The Radius system architecture is comprised of five major sub-systems:

Figure 6 illustrates the essential sub-systems of the complete apparatus.


Figure 6: Radius system diagram.

This figure shows that the system delivers a laser beam through an optical delivery system to the groove of the rotating cylinder. The light is reflected back through this delivery system to the optical interferometer, and then to the demodulator that converts the frequency modulation signal to an audio signal voltage.
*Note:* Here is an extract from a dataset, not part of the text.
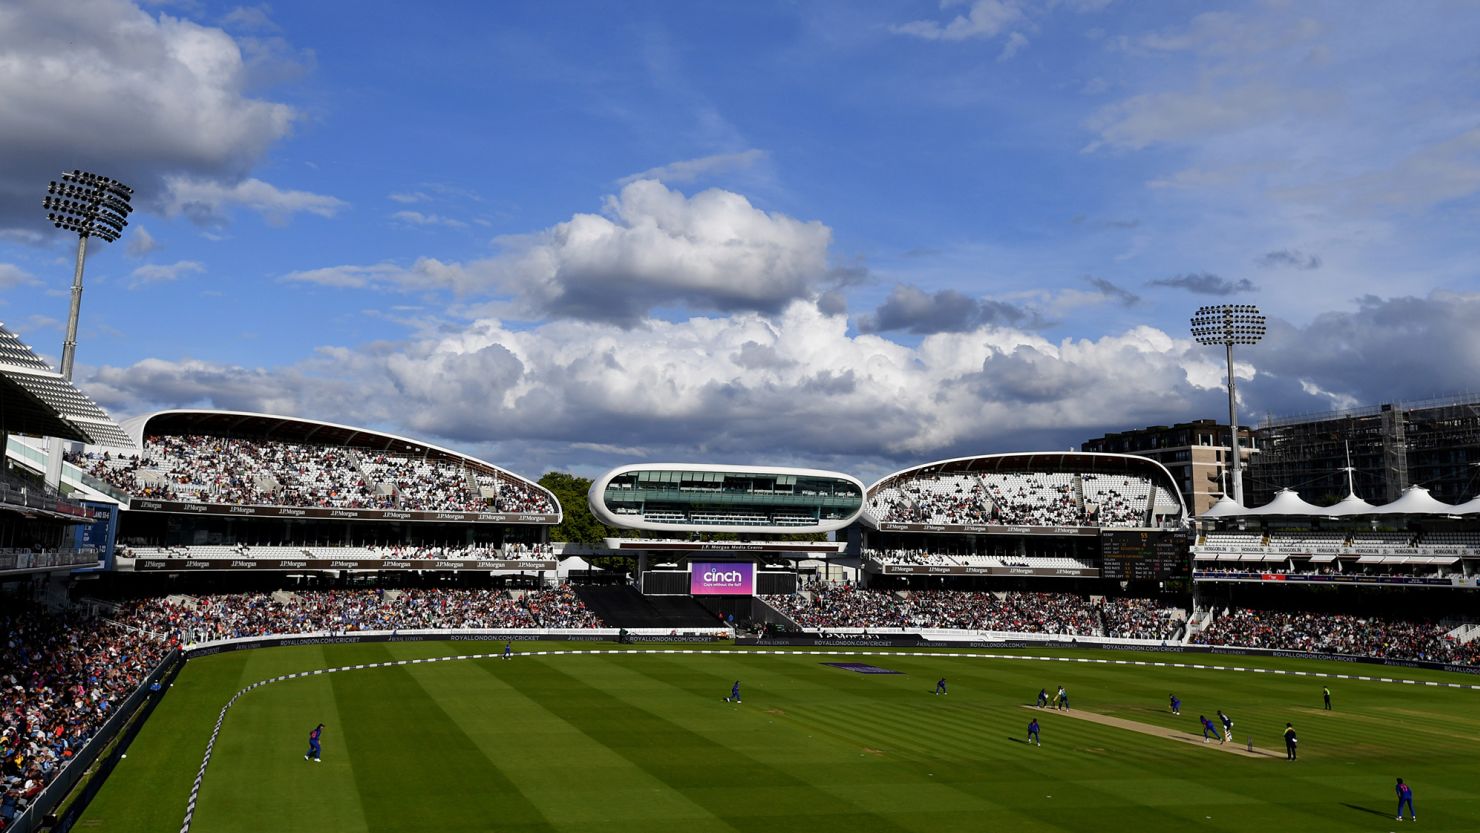 LONDON, ENGLAND - SEPTEMBER 24: A general view of action during the 3rd Royal London ODI match between England and India at Lord's Cricket Ground on September 24, 2022 in London, England. (Photo by Tom Dulat - ECB/ECB via Getty Images)

A tracking system controls a mirror in the delivery system that automatically keeps the beam directed into the center of the groove.

Radius cylinder rotation and transport sub-system

To expedite the construction of a rotation and transport system, the Radius team used as a base the Archeophone cylinder playback system invented and manufactured by Henri Chamoux (Paris, France). Mr. Chamoux's device is a very high quality unit that uses a conventional playback stylus. The Archeophone provides several interchangeable mandrels on which the cylinders are mounted and, therefore, can play a variety of types of cylinders. The device accommodates prescribed rotation speeds by using a high precision rotation rate regulator, for which Mr. Chamoux also provides a digital speed gauge and display.

The Radius technical team modified (with Mr. Chamoux's permission) the Archeophone for use in the Radius system. They modified the base of the device to raise the mounting plate of the rotator so that the axis of the rotator is on the same level as the hub of the tone arm. The team discarded the tone arm and stylus cartridge, and replaced them with an optical delivery system or "optical head" designed and constructed by the Radius technical team (see Figure 7).



Figure 7: Cylinder driver (modified Archeophone with optical head).

Radius optical delivery sub-system

The Radius optical delivery sub-system consists of:

The action of the telescope and final objective lens provides a focused beam in the groove that has a focused diameter of approximately 10 microns. The beam is reflected from the bottom of the groove, and passes back through the system in the reverse direction, and finally reaches the same output fiber that delivered it. The beam then passes through this fiber also in the direction opposite to the original projected beam, and a beamsplitter in the interferometer sorts the projected beam and received beams. The fact that the transmitted beam and reflected (or received) beam travel along the same path in opposite directions create an architecture that is commonly designated a "monostatic" system. Some of the light that is reflected from the cylinder groove is scattered, and does not re-enter the interferometer. This light is intercepted by the two tracking detectors, and this provides a means for developing a control for the tracking system.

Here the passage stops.